Chapter 14, entitled “Early Warning from Car Warranty Data using a Fuzzy Logic Technique” by Mark Last, Yael Mendelson, Sugato Chakrabarty and Karishma Batra, addresses the problem of detecting as early as possible problems on cars by managing data stored in a warranty database which contains customer claims recording information on dealer location, car model, car manufacturing and selling dates, claim date, mileage to date, complaint code, labor code, etc. Warranty databases constitute massive stream data that are updated with thousands of new claims on a daily basis. This chapter introduces an original approach to mine these data streams by proposing a fuzzy method for the automatic detection of evolving maintenance problems. For this purpose, the authors propose to study frequency histograms using a method based on a cognitive model of human perception instead of crisp statistical models. The obtained results reveal significant emerging and decreasing trends in the car warranty data.

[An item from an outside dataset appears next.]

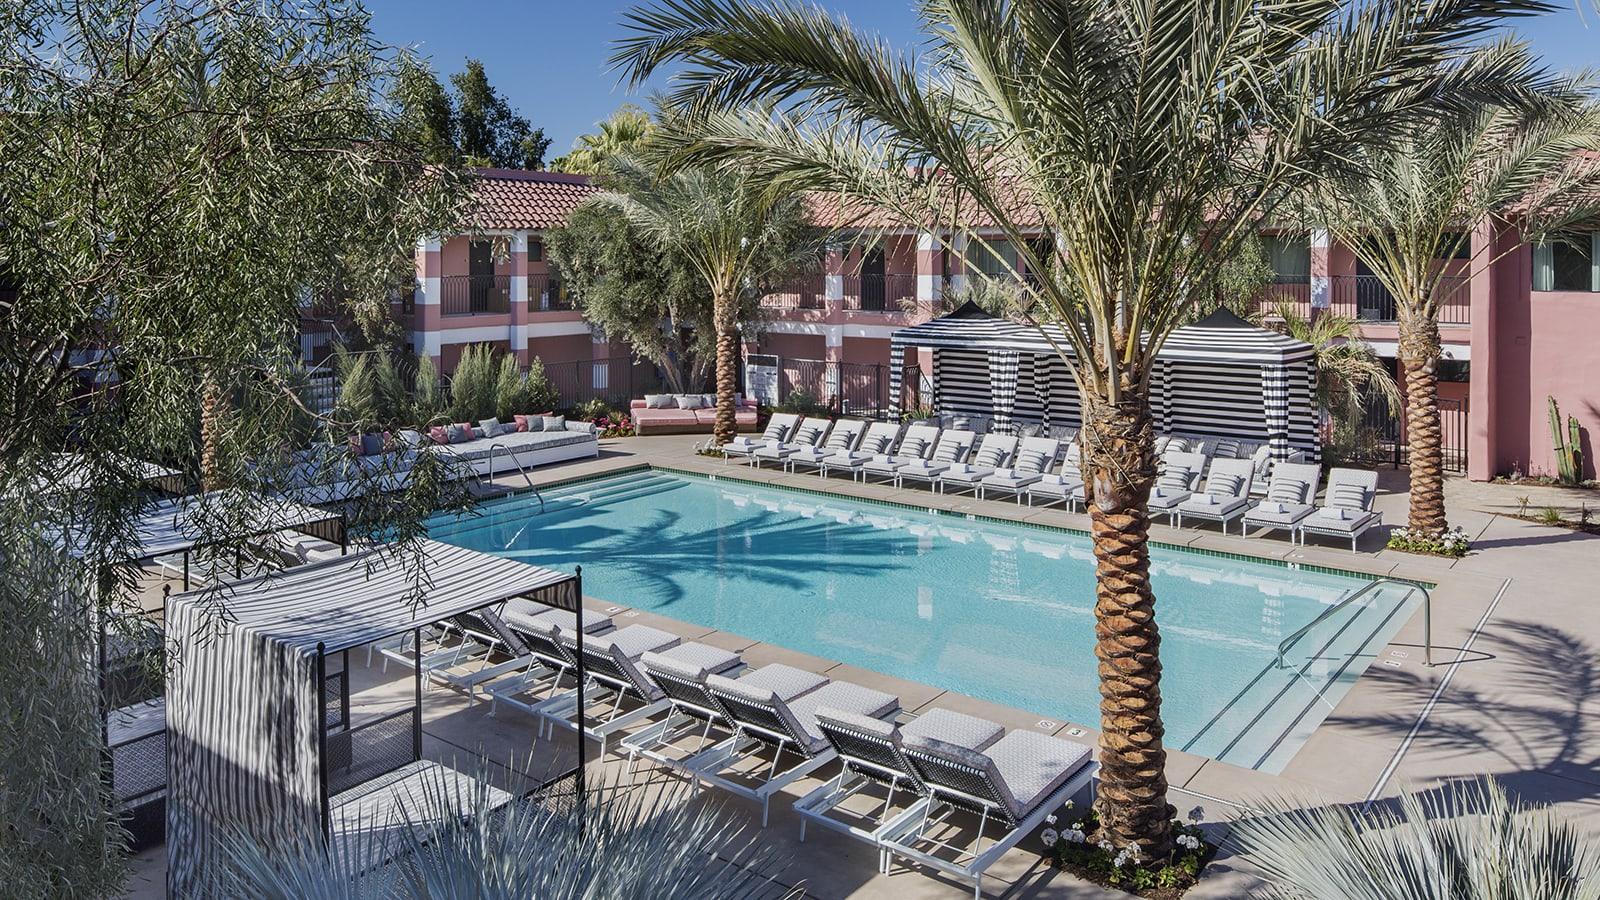 مستعد لتخطيط عطلتك القادمة؟ إليك أفضل فندق في العالم في 2019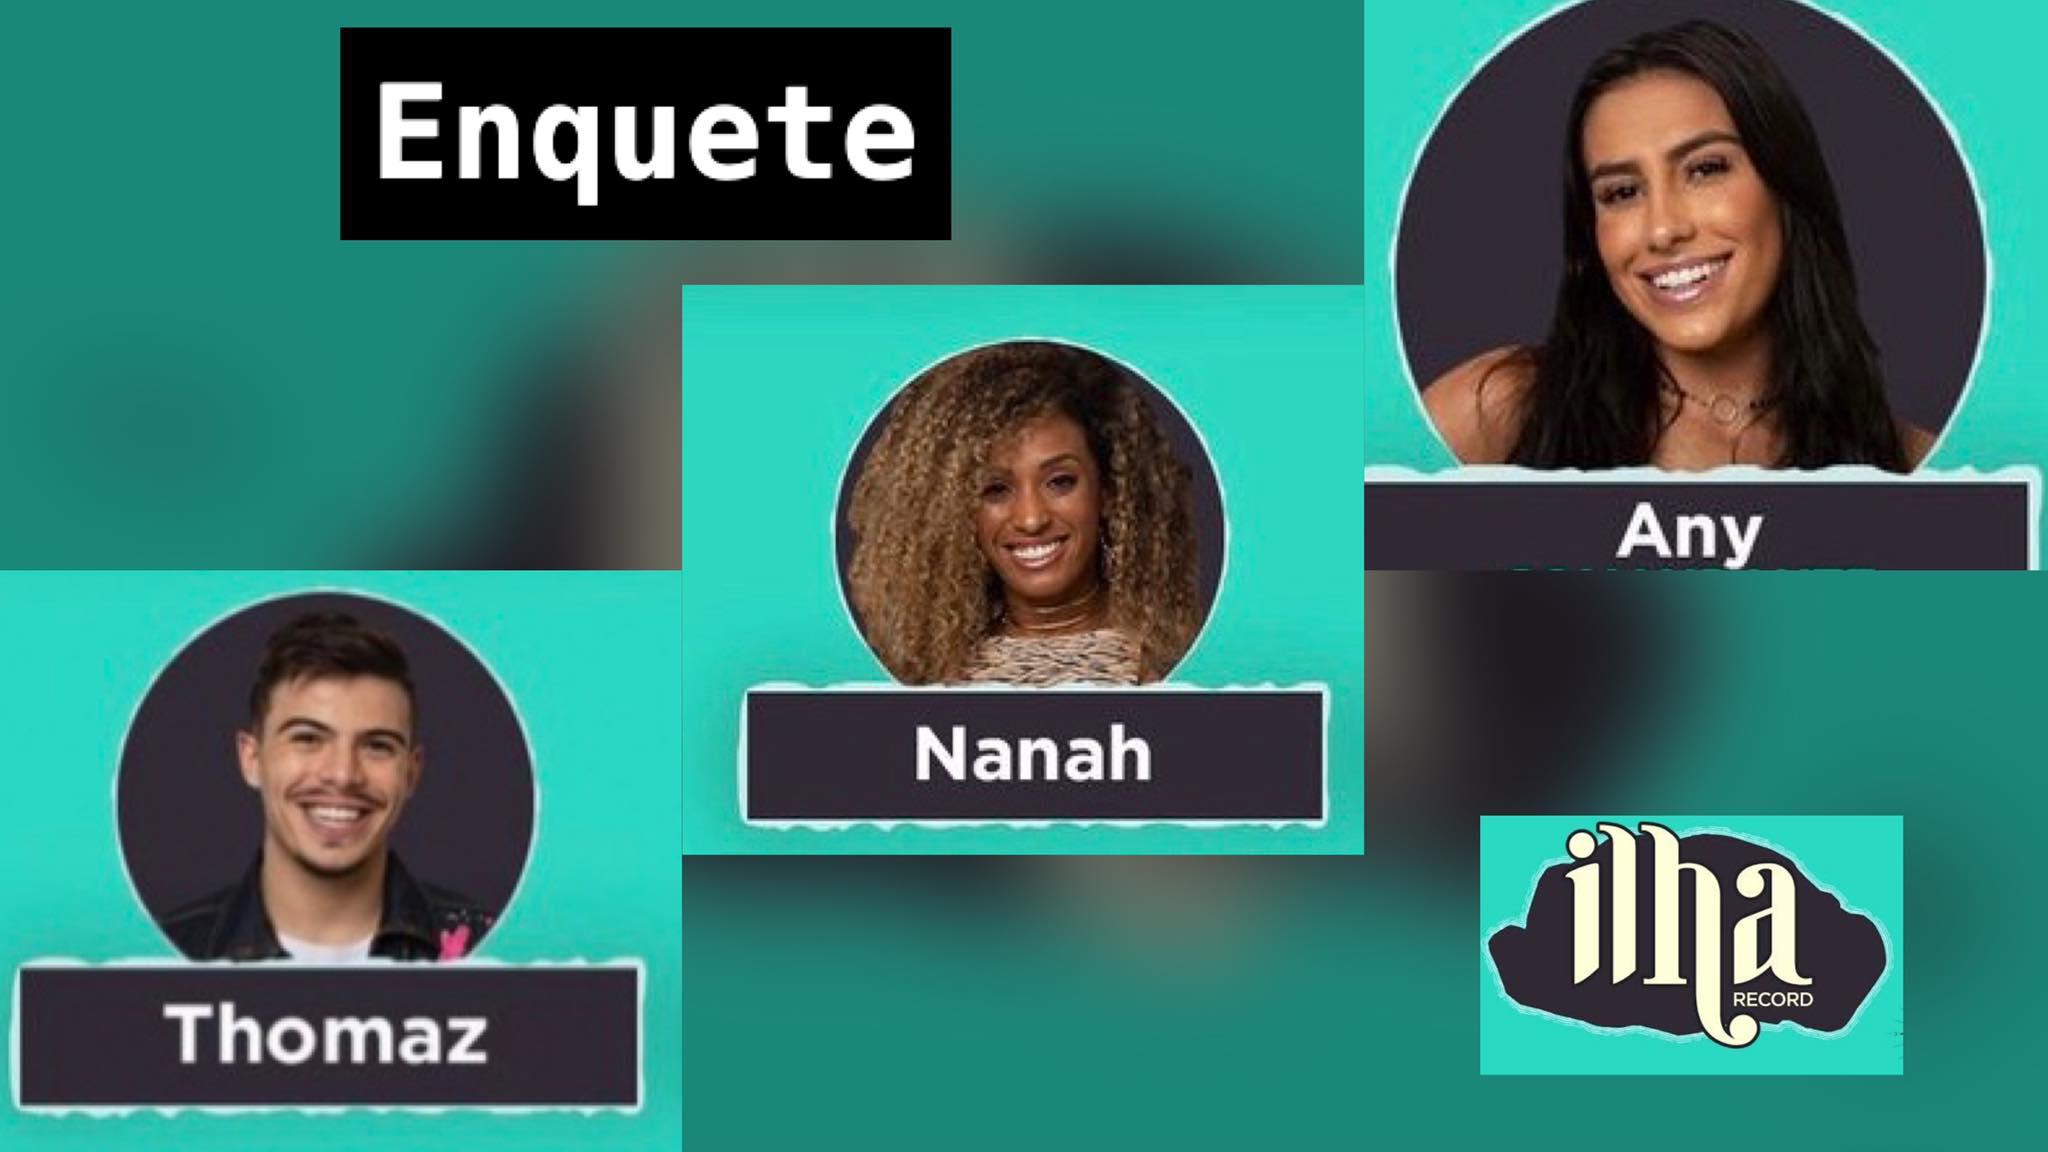 Any, Nanah e Thomaz estão no Desafio de Sobrevivência do Ilha Record. Dessa forma, vote na Enquete. Fonte: Montagem/ Fashion Bubbles

The problem of video mining is tackled in Chapter 15 entitled “High Scale Fuzzy Video Mining” by Christophe Marsala and Marcin Detyniecki, where the authors propose to use forests of fuzzy decision trees to perform automatic indexing of huge volumes of video shots. The main purpose of the chapter is to detect high-level semantic concepts such as “indoor”, “map” or “military staff” that can then be used for any query and treatment on videos. This data mining problem requires addressing large, unbalanced and multiclass datasets and takes place in the highly competitive context of the TRECVid challenge organized by NIST. The authors report the success of the fuzzy ensemble learning approach they propose, that proves to be both tractable and of high quality. They also underline the robustness advantage of the fuzzy framework that improves the results as compared to other data mining tools.
Chapter 16 entitled “Fuzzy clustering of large relational bioinformatics datasets” by Mihail Popescu considers a practical problem of fuzzy clustering with very large relational datasets, in the framework of bioinformatics to extract information from micro-array data. It describes the whole process of how such problems can be addressed, presenting the theoretical machine learning methods to be used as well as the practical processing system. The considered three-step approach consists in subsampling the data, clustering the sample data and then extending the results to the whole dataset. The practical system describes the methods applied to select the appropriate method parameters, including the fuzzifier and the number of clusters, determined using a cluster validity index. It also describes the adjustments that appear to be necessary to handle the real dataset, in particular regarding the sampling step. The experiments are performed with real data containing around 37,000 gene sequences.
The book thus gathers contributions from various research domains that address the combined issue of fuzziness and scalability from different perspectives, including both theoretical and experimental points of view, considering different definitions of scalability and different topics related to the fuzzy logic and fuzzy set theory use. The variety of these points of view is one of the key features of this book, making it a precious guide for researchers, students and practitioners.